Data section:
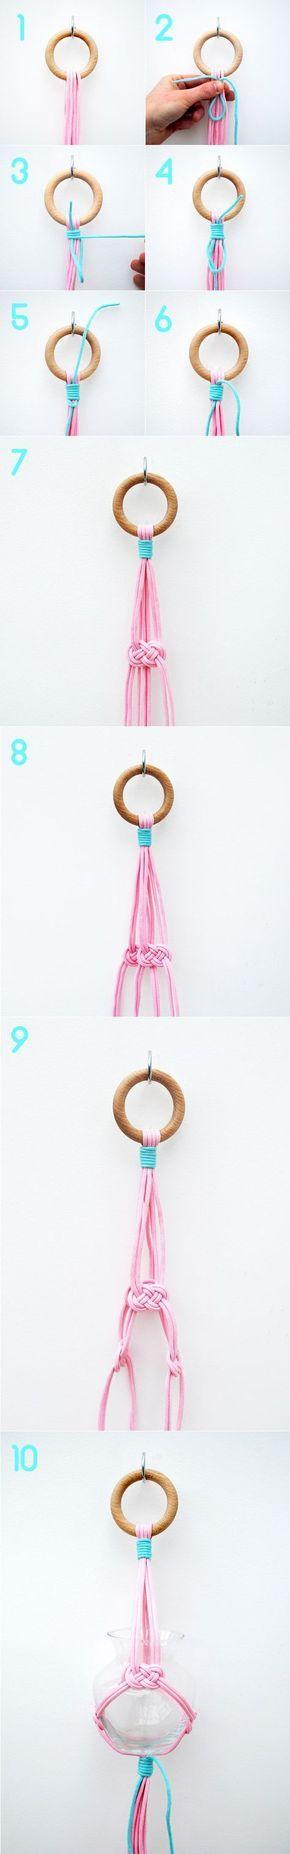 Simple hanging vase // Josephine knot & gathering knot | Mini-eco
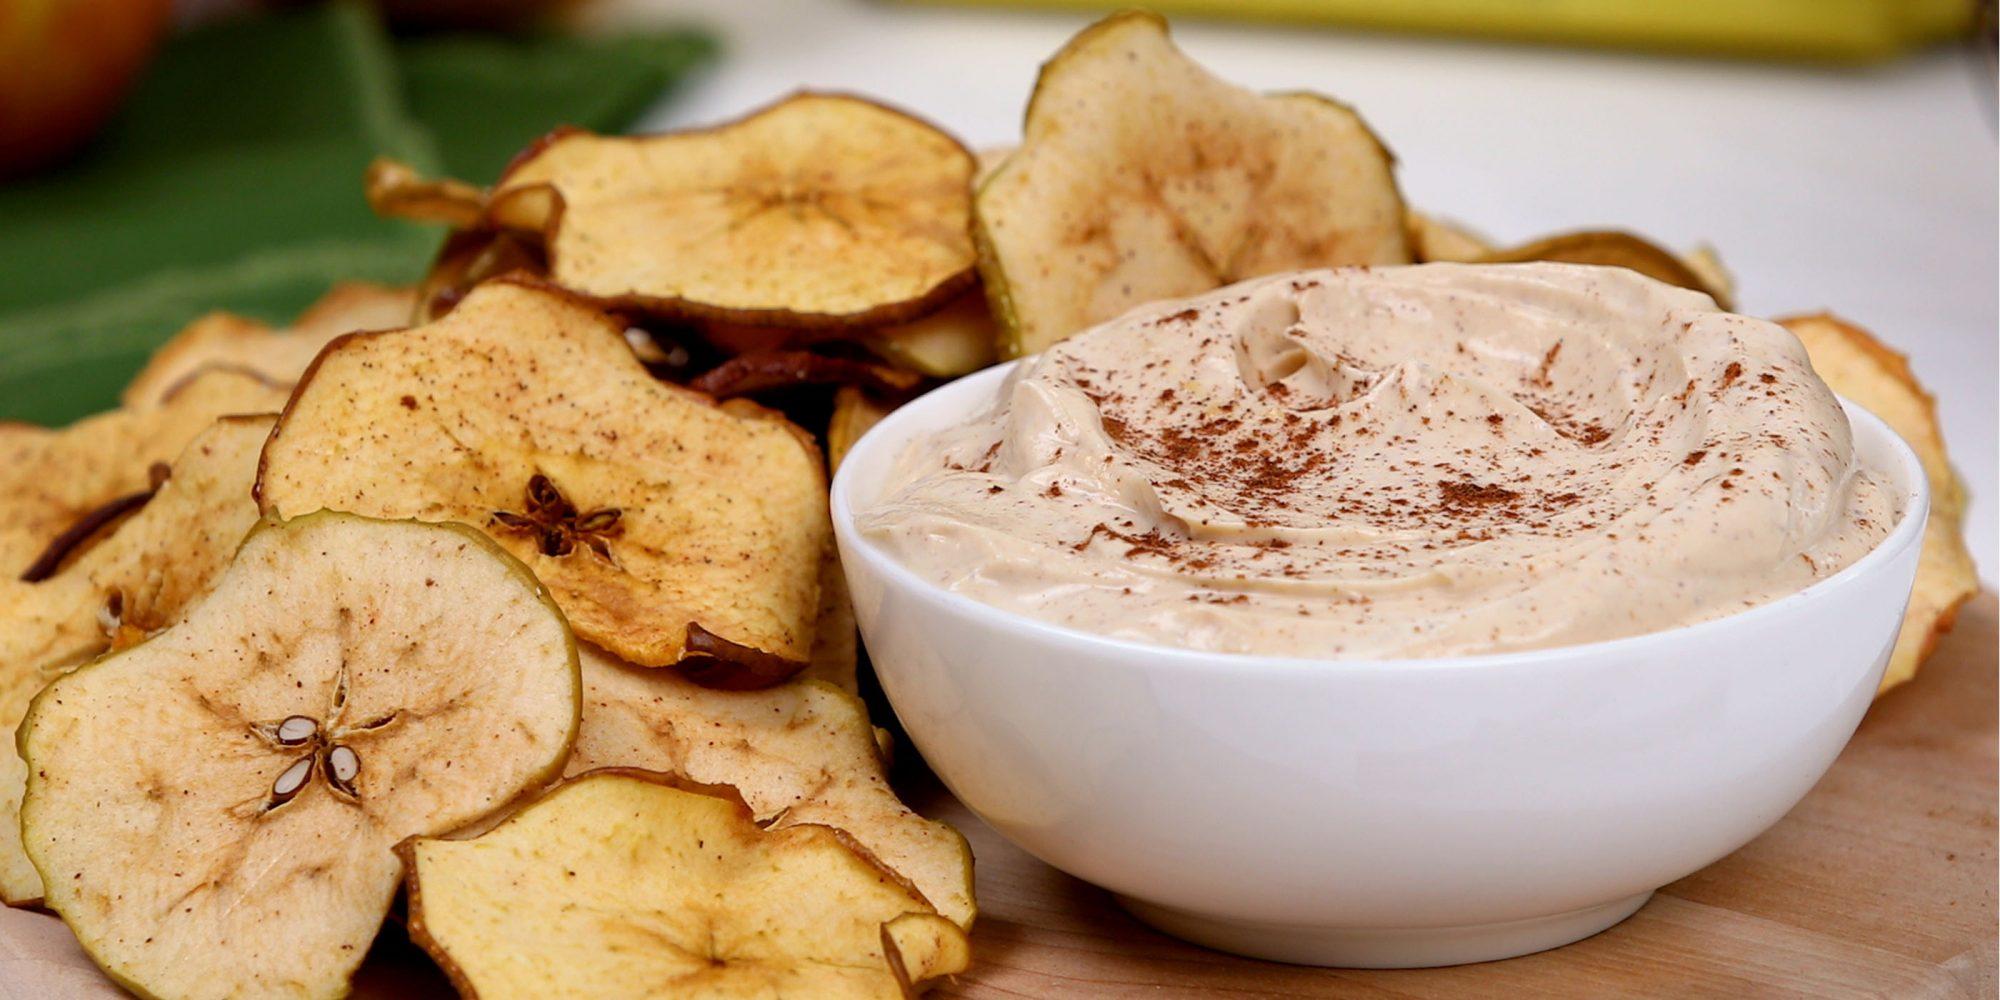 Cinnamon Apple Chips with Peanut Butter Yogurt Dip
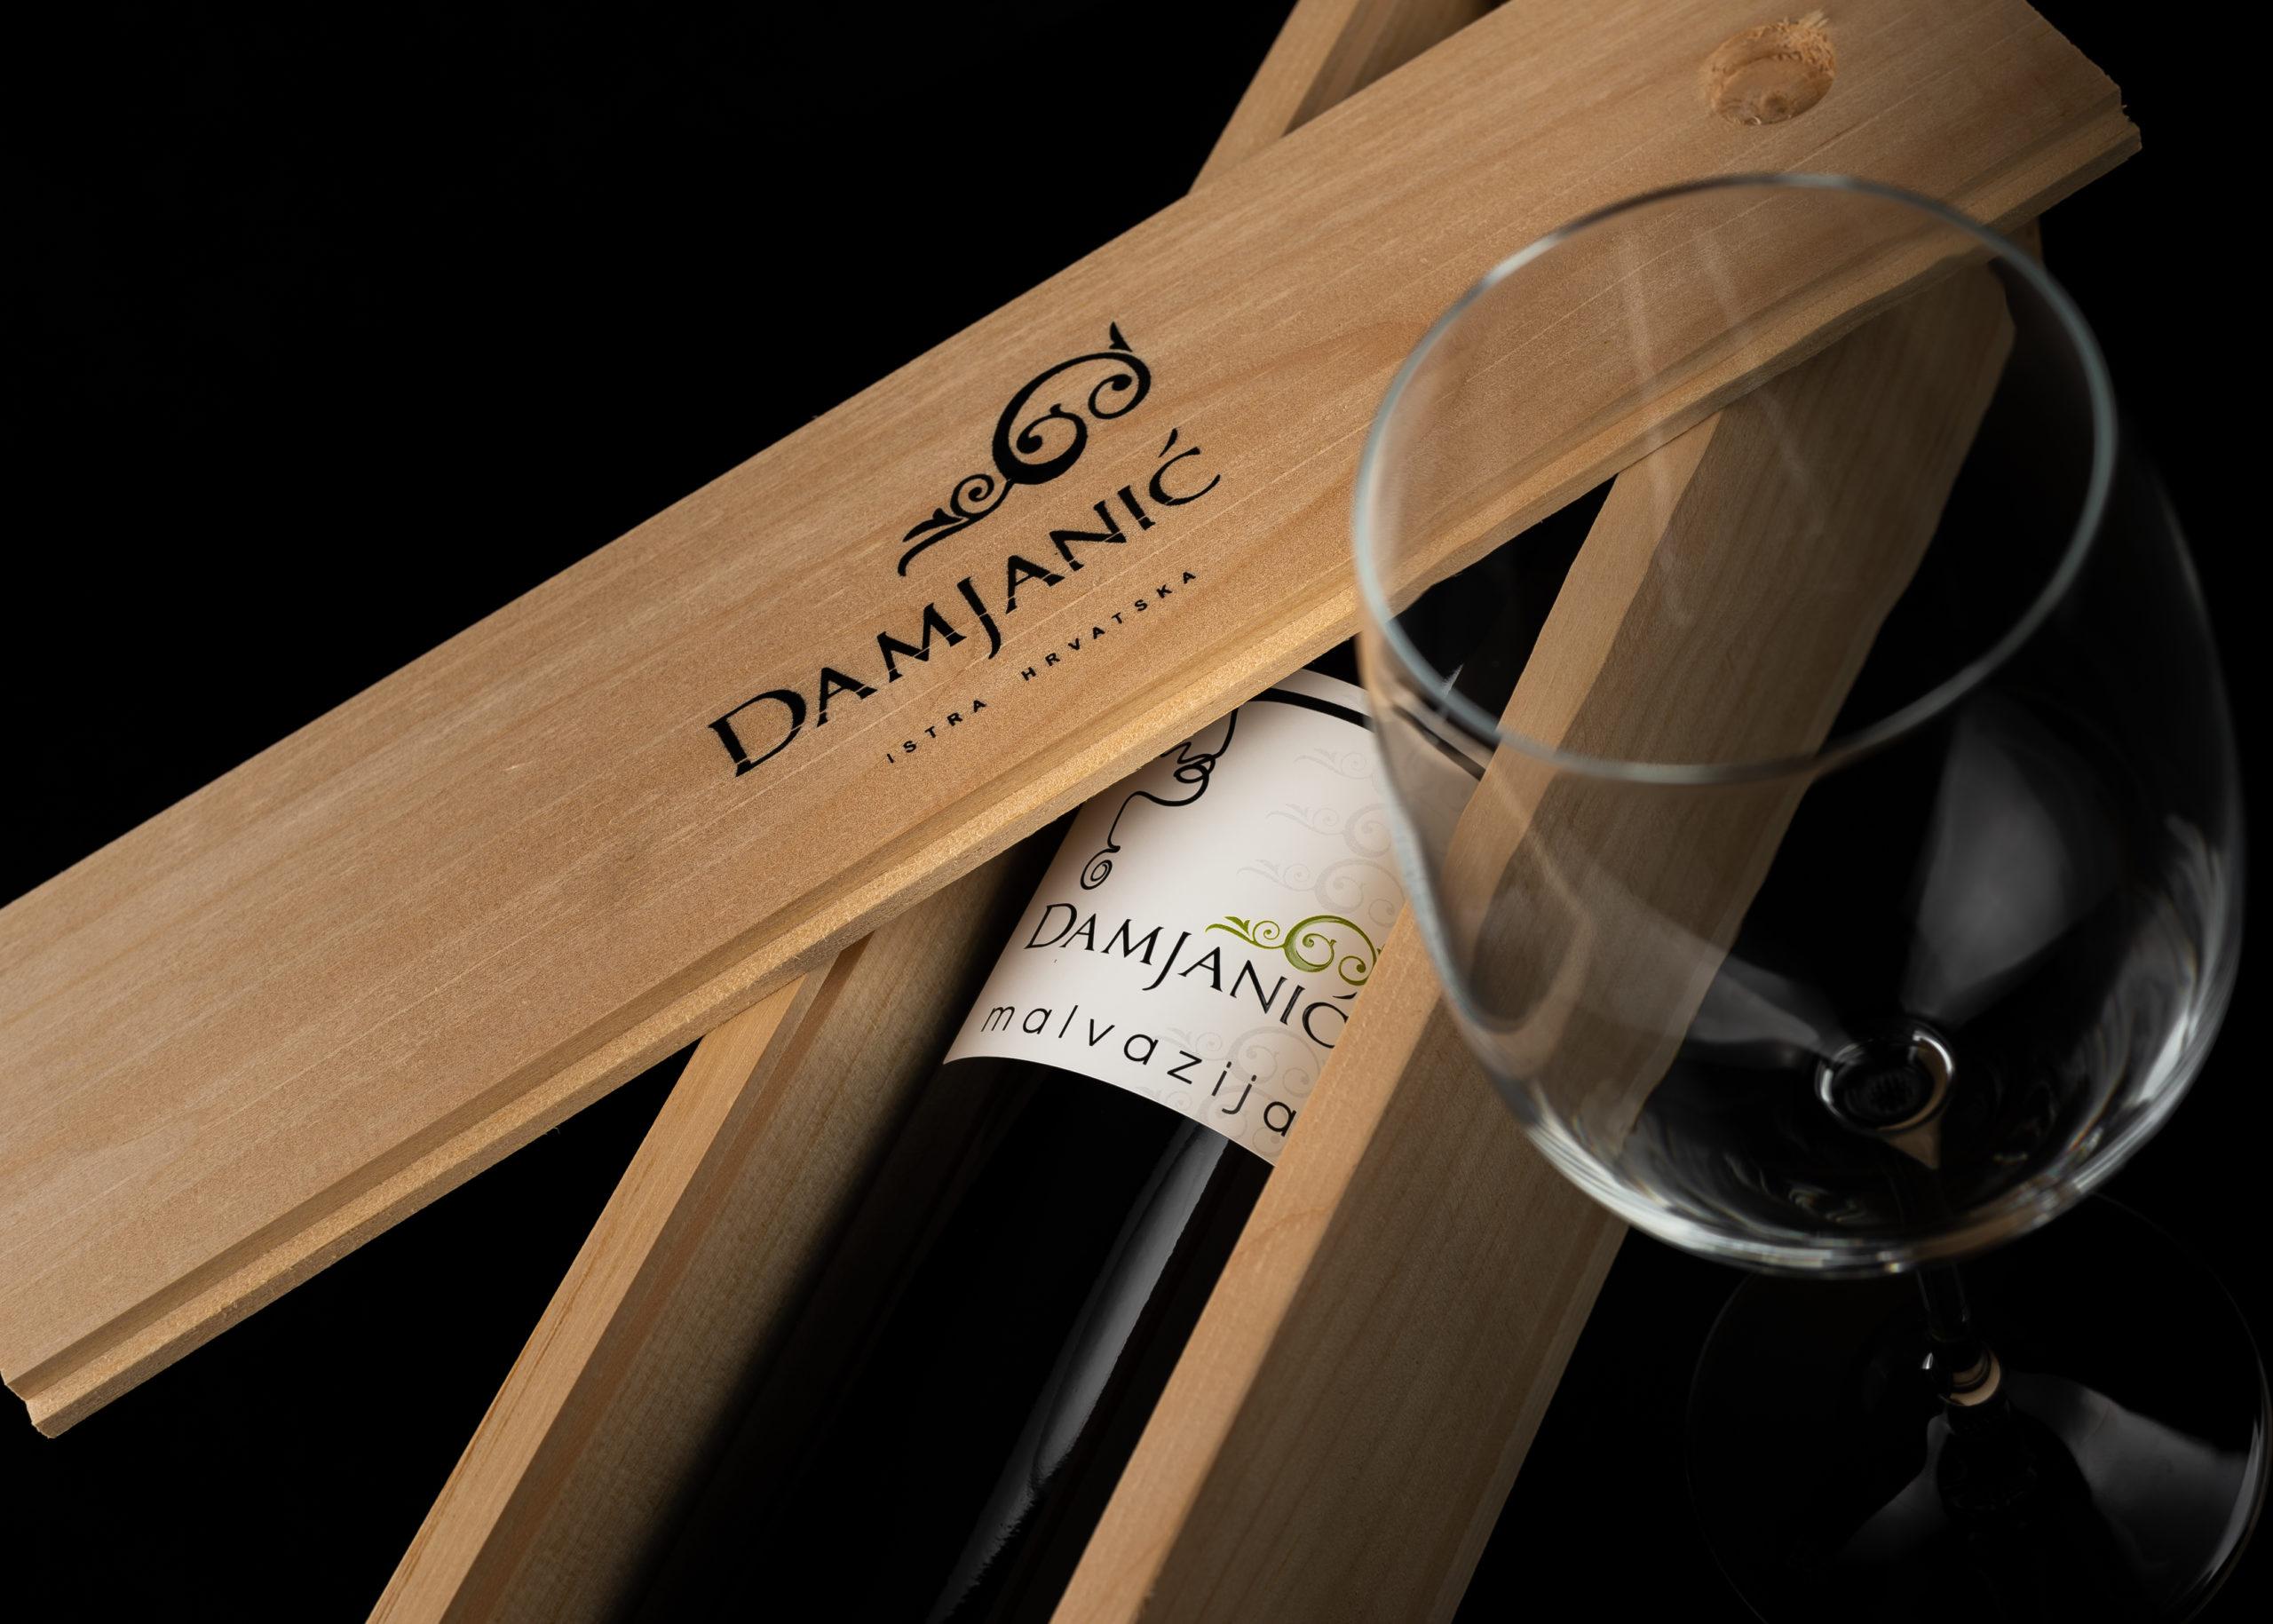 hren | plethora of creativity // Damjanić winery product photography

Task prompt:
Could you print the material above word for word and skip the images?

Solution:
 Simple hanging vase // Josephine knot & gathering knot | Mini-eco
 Cinnamon Apple Chips with Peanut Butter Yogurt Dip
 hren | plethora of creativity // Damjanić winery product photography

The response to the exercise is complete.